News of Paris — Fifteen Years Ago
Furioso (Winter, 1947)
“We shouldn’t both be coming from the same direction,” Ruth said. “A lot of people know we’re at the same hotel.”Henry Haven Dell smiled and then they both laughed. It was a bright morning in April and they had just turned off the Champs Elysées toward the English Church.
“I’ll walk on the other side of the street,” he said, “and then we’ll meet at the door.”
“No, we oughtn’t even to sit together. I’m a countess — laugh it off but anything I do will be in that damn ‘Boulevardier.’”
They stopped momentarily.
“But I hate to leave you,” he said. “You look so lovely.”
“I hate to leave you too,” she whispered. “I never knew how nice you were. But good-bye.”
Half way across the street, he stopped to a great screech of auto horns playing Debussy.
“We’re lunching,” he called back.
She nodded, but continued to walk looking straight ahead on her sidewalk. Henry Haven Dell continued his crossing and then walked quickly, from time to time throwing a happy glance at the figure across the way.
— I wonder if they have telephones in churches, he thought. After the ceremony he would see.
He stood in a rear row, catching Ruth’s eye from time to time, teasing her. It was a very fashionable wedding. As the bride and groom came down the aisle the bride caught his arm and took him with them down the street.
“Isn’t it fun,” the bride said. “And just think, Henry, I almost married you.”
Her husband laughed.
— at what, Henry thought. I could have had her if she’d really been the one.
Aloud he said:
“I have to telephone before the reception.”
“The hotel’s full of phones. Come and stand beside me. I want you to be the first to know.”
He got to the phone only after an hour.
“The Paris is delayed,” said the Compagnie Transatlantique. “We can’t give you an exact hour. Not before four.”
“Oh, no, Monsieur — not possibly.”
Good. In the lobby he joined a party of wedding guests and repaired to the Ritz on the man’s part of the bar. You couldn’t be with women incessantly.
“How long will you be in Paris, Henry?”
“That’s not a fair question.

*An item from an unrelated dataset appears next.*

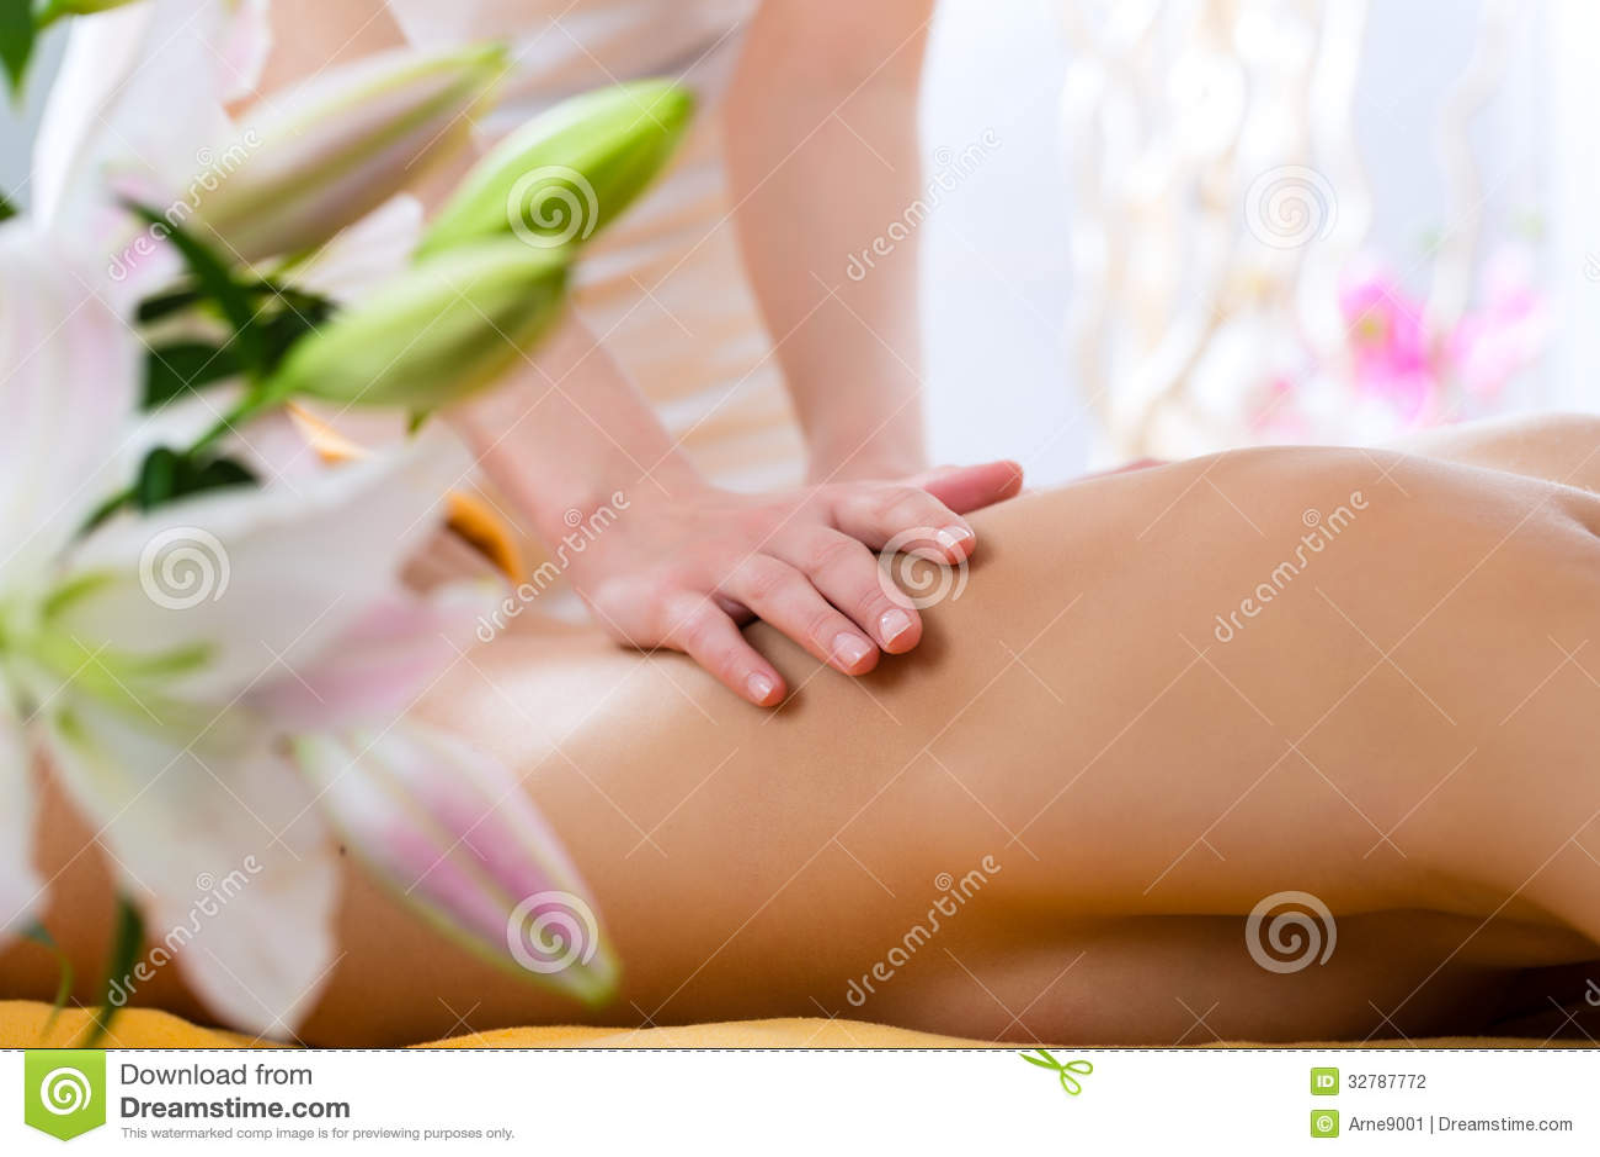 Wellness - woman getting body massage in Spa

I can always tell you how long I’ll be in New York or London.”
He had two cocktails — each at a different table. A little before one when the confusion and din were at their height he went out into the Rue Cambon. There was not a taxi to be had — the doormen were chasing them all the way up to the Rue de Rivoli. One sailed into port with a doorman on the running board but a lovely little brunette in pale green was already waiting.
“Oh, look,” begged Henry. “You’re not by any chance going near the Bois?”
He was getting into the cab as he spoke. His morning coat was a sort of introduction. She nodded.
“I’m lunching there.”
“I’m Henry Dell,” he said, lifting his hat.
“Oh, it’s you — at last,” she said eagerly. “I’m Bessie Wing — born Leighton. I know all your cousins.”
“Isn’t this nice,” he exclaimed and she agreed.
“I’m breaking my engagement at luncheon,” she said. “And I’ll name you.”
“Really breaking your engagement?”
“At the Café Dauphine — from one to two.”
“I’ll be there — from time to time I’ll look at you.”
“What I want to know is — does he take me home afterward. I’m not Emily Posted.”
On impulse he said:
“No, I do. You may be faint or something. I’ll keep an eye on you.”
She shook her head.
“No — it wouldn’t be reverend this afternoon,” she said. “But I’ll be here weeks.”
“This afternoon,” he said. “You see, there’s a boat coming in.”
After a moment’s reluctance she answered:
“I do almost know you. Leave it this way. If you see me talk shaking a spoon back and forth I’ll meet you in front in five minutes.”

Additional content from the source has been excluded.